**WHAT YOU ARE ASKED TO DO**
Whenever a line below holds the word "make", copy that line.

**SUPPLIED DATA**
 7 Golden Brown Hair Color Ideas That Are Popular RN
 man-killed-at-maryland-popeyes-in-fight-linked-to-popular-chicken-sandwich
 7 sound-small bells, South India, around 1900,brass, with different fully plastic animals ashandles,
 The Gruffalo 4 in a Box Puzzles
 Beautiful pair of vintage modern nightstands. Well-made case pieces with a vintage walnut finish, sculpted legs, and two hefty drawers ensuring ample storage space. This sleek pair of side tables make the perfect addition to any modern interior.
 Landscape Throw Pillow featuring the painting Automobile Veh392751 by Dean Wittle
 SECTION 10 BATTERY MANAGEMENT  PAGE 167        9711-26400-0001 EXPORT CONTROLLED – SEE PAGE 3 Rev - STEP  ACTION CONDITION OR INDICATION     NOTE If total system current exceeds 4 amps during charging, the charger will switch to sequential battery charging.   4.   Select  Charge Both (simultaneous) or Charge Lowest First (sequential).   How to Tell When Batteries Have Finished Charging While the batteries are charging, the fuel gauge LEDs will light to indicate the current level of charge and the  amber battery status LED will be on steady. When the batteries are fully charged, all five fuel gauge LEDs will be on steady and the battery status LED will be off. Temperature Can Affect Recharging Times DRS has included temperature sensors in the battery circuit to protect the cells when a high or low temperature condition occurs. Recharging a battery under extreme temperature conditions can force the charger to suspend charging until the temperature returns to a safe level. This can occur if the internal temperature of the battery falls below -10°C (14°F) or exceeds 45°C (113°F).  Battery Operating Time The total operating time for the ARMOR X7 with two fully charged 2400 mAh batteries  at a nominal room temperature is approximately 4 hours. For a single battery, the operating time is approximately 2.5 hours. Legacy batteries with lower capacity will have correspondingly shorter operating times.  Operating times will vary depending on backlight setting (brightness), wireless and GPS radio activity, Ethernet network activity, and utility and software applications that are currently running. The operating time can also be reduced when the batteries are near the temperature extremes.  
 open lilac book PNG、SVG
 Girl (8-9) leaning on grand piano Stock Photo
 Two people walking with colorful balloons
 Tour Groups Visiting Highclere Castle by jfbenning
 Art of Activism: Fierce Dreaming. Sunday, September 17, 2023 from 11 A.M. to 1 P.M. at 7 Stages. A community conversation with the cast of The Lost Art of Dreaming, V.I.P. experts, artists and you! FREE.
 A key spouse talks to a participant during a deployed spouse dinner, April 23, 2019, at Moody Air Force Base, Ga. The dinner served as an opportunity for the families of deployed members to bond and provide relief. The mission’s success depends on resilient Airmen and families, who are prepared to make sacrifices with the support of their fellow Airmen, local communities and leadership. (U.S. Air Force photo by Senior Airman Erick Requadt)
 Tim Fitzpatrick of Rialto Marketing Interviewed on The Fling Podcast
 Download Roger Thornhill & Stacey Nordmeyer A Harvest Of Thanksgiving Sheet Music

**ANSWER SECTION**
 Beautiful pair of vintage modern nightstands. Well-made case pieces with a vintage walnut finish, sculpted legs, and two hefty drawers ensuring ample storage space. This sleek pair of side tables make the perfect addition to any modern interior.
 A key spouse talks to a participant during a deployed spouse dinner, April 23, 2019, at Moody Air Force Base, Ga. The dinner served as an opportunity for the families of deployed members to bond and provide relief. The mission’s success depends on resilient Airmen and families, who are prepared to make sacrifices with the support of their fellow Airmen, local communities and leadership. (U.S. Air Force photo by Senior Airman Erick Requadt)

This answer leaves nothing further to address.